Can you imagine hearing that a new expressway is going to cut right thru the middle of Chestnut Ridge Park? In this day and age it likely would never happen. Enviornmental groups would take the developers to court and keep it wrapped up in so much red tape the project would never get started.

But that’s almost exactly what happened in the 1950’s when plans for the Kensington Expressway were unveiled. The idea was to build an express route from downtown Buffalo to the eastern and northern suburbs, but it destroyed vibrant neighborhoods on the east side of Buffalo.

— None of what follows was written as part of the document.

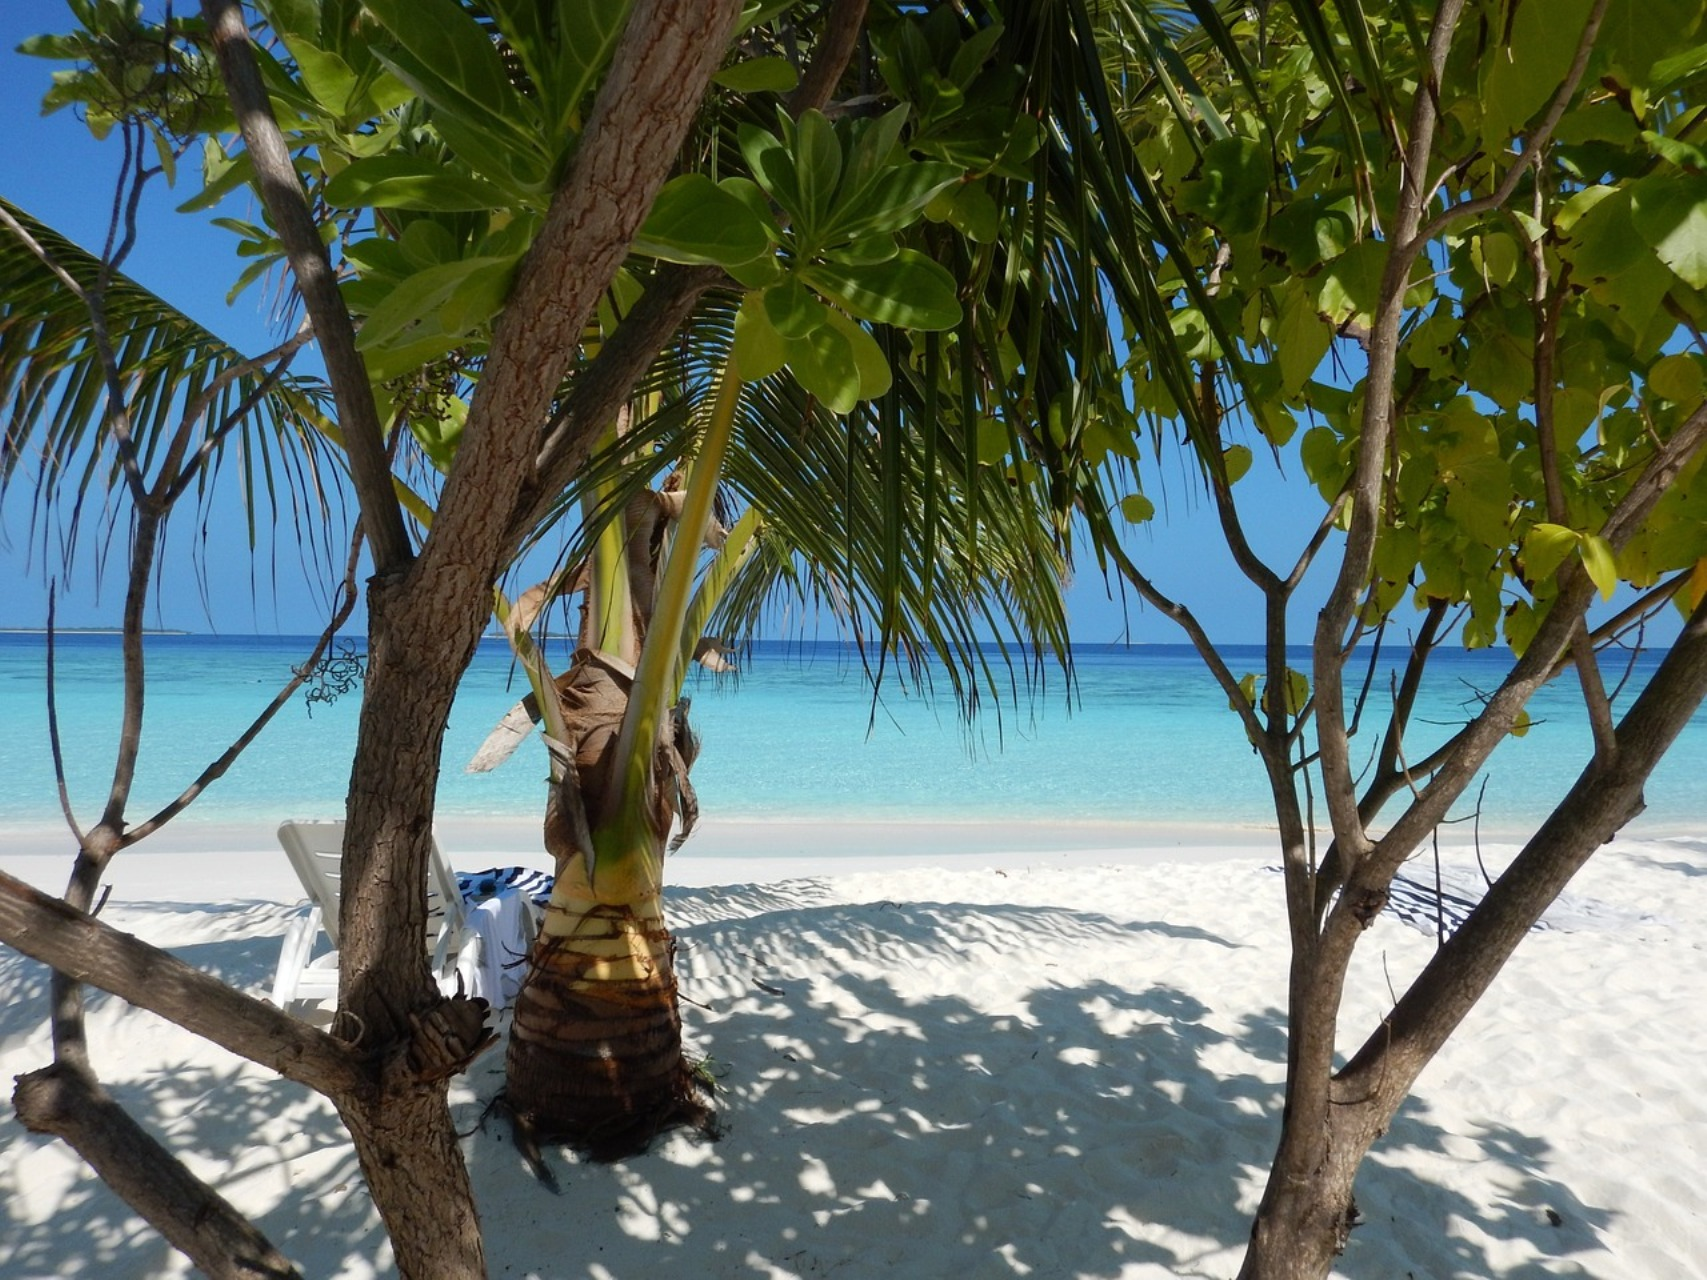 Karibik Südsee Malediven Samoa Hawaii Asien Thailand Tehighland Bangkok Bang Monument Valley die reise reisen bielefeld reisebuero Wellnessreisen Familienreisen Kreuzfahrten Lastminute Mietwagen Lastminute

Most damaging was it tore right thru Humboldt Park and Humboldt Parkway. And that wasn’t just any park. It was designed by famous landscape architect Frederick Law Olmstead. Olmstead envisioned an interconnected parkway system for Buffalo.

Humboldt Parkway extended from what is now the intersection of the Scajaquada Expressway at Parkside all the way to what is now Martin Luther King, Junior Park. It connected Delaware Park with what was then Humboldt Park. It was a wide parkway with a beautiful median planted with trees and flowers. But all of that was done away with in the name of progress.

Planners told homeowners that traffic was getting so bad on Main, Kensington, Genesee and other major streets that if they don’t do something now property values will fall. So they built the Kensington Expressway and property values fell anyway. Fell so badly that many of those homes are worthless and abandoned now.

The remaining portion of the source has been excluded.